Porn Valley Two-Headed Donkey Tour: The Wonderland Murders

As you know, I own a two-headed donkey that I got as a gift for my Bar Mitzvah. The donkey performs menial tasks and, around Christmas, takes part in manger scenes with two-headed Jesus and Doubly-Virgin Mary. After visiting the leper colony on Molokai I realized that donkey-back tours were the only way to travel to hard-to-reach places.

I recently read an excellent oral history of the life of John Holmes called John Holmes, a Life Measured in Inches by Jill Nelson and Jennifer Sugar (read my review and interview with the authors) and decided to take a group of tourists through Laurel Canyon to visit locations significant to 1981’s Wonderland Murders, an event as significant to the story of John Holmes as his massive penis and his death from AIDS in 1988.

Stop 1: Wonderland Avenue. The actual address is easy enough to find, but I’m not going to print it. Suffice to say that John Holmes pilgrims might bump into Paul Revere And the Raiders fans while searching for the house, as the “Louie, Louie” song stylists also stayed at that address decades earlier.

By 1981, Holmes’ drug use and porn-set pilfering (he used to rifle through performers’ handbags for drug money) had resulted in his being deemed persona non grata on many porn sets, despite the fact that his involvement in a movie could significantly boost its sales. He began hanging around with a group of thugs who lived in a three-story home on the twisty mountainside Wonderland Avenue. Holmes became their mule and errand boy in exchange for drugs.

He had been porn’s most famous male performer for more than 15 years at this point, in a time when individual movies earned significantly more money than they do now.

The Wonderland Gang was not averse to putting the beat-down on its victims, robbing them for drug money, and they were also not honest thieves. According to the book, there were several contracts out on the gang for shortchanging other shady characters.

The Two-Headed Donkey says: “Parking on Wonderland is a bitch. Take a two-headed donkey!”

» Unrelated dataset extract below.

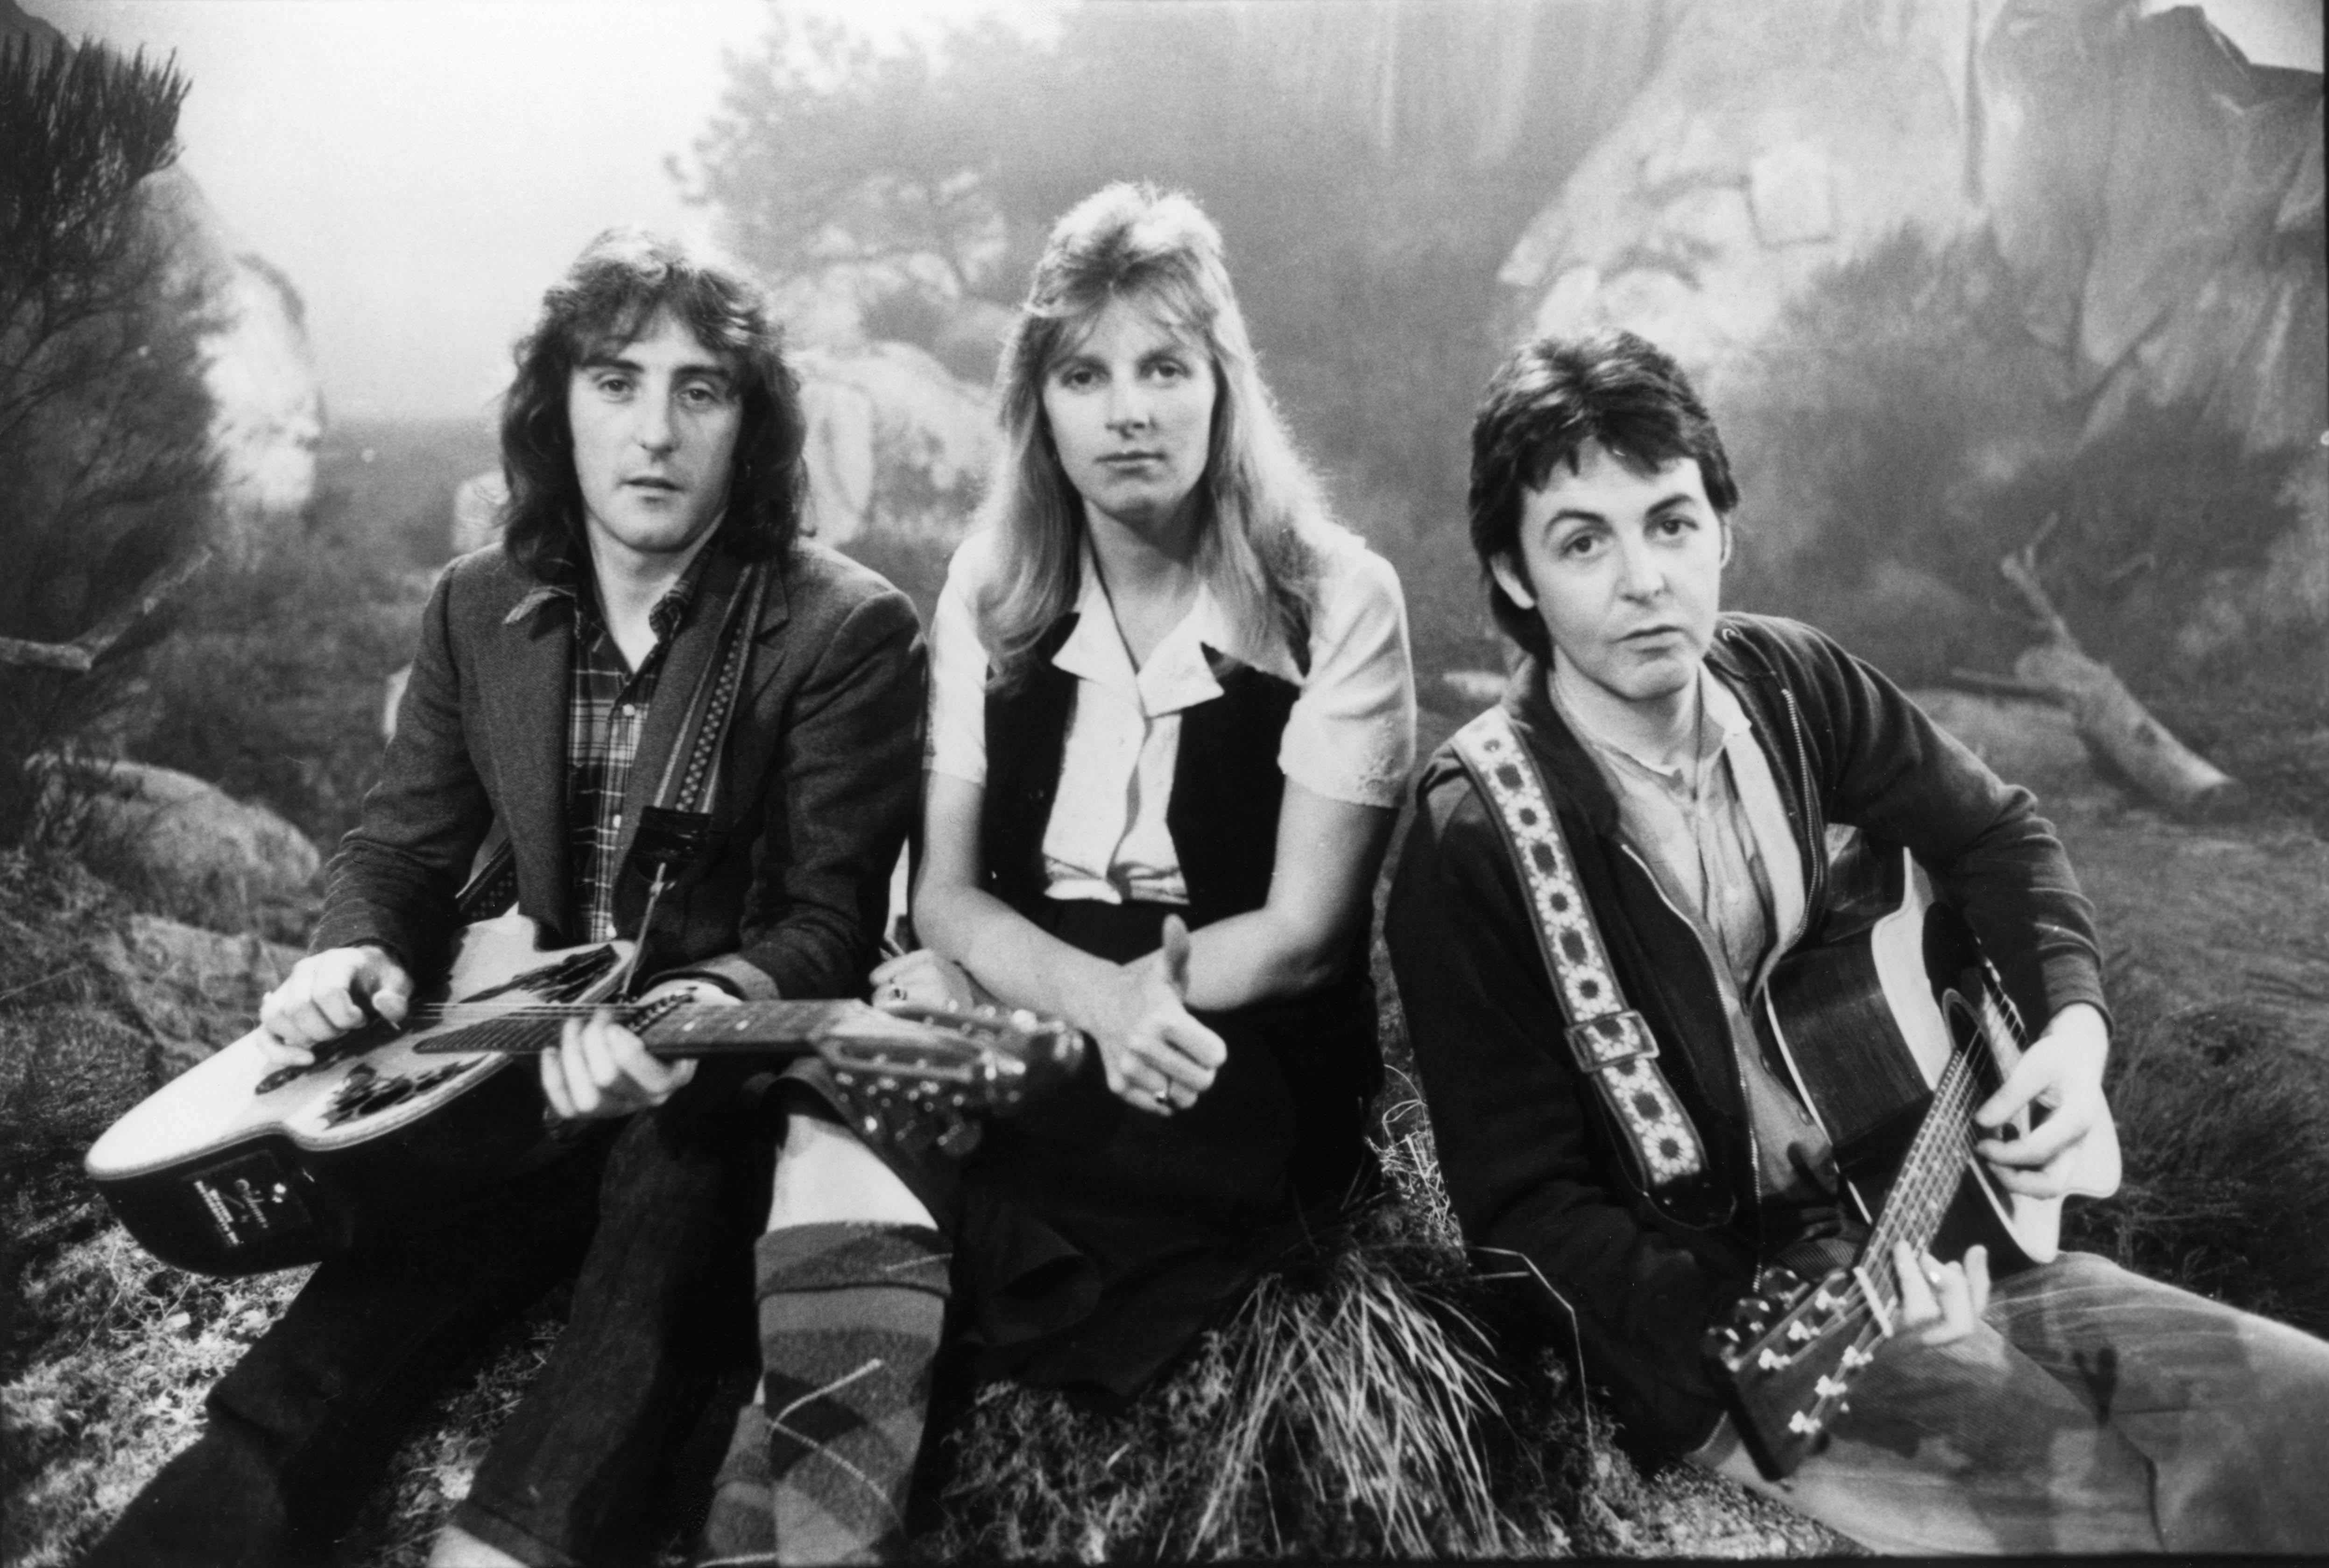 Denny Laine, Linda McCartney, and Paul McCartney of Wings pose for a photo

Stop 2: Eddie Nash’s place. One of the Gang’s targets was Eddie Nash, a nightclub owner and drug dealer who had supplied the Gang, through Holmes, with drugs in exchange for stolen items like antique firearms. Nash lived off Dona Lola Drive on the Porn Valley side of Laurel Canyon.

The two-headed donkey and I toured a home for sale in the area and took this picture of Nash’s former home from the balcony. The donkey kept hitting its heads on the cheap ceiling lamps and scuffing its hooves on the cheap Berber carpet. Only $1.4 million!

When the Wonderland Gang wanted the guns back but were not prepared to pay Nash’s pawn price, Holmes orchestrated the robbery of Nash’s home on June 29, 1981.

According to sources, Holmes had visited Nash, left a rear bedroom door unlocked for the Gang, and, while heading back to Wonderland Avenue via Dona Pergita Drive, passed the Gang coming the other way. “Go get ’em, boys,” Holmes was alleged to have said.

While everyone agrees that Holmes double-crossed Nash, accounts vary about what happened next.

During the robbery, Holmes said that Nash was “humiliated” by the Gang, who not only took upwards of $100k in cash, drugs, and the recovered guns, but also injured one of Nash’s bodyguards, Greg Diles. The prevailing opinion is that it was on Nash’s orders and using Nash’s men, including Diles, that the retaliatory Wonderland Murders took place two mornings later, on July 1, 1981.

Furthermore it was Holmes, according to several accounts, who let Nash’s henchmen into the Wonderland home, where five people – members of the Gang and their girlfriends, were caught unawares and brutally bludgeoned to death.

Holmes was arrested but would not testify against Nash – whom he feared – and was eventually released from the Men’s Wing of Los Angeles County Jail (which now houses Brian Surewood). He cooperated – to a point – with the police, but went on the lam for fear of Nash. He was apprehended by the L.A.P.D. in Florida and brought back to Los Angeles, where he was charged with murder and held in contempt for more than 100 days for refusing to name names on the stand.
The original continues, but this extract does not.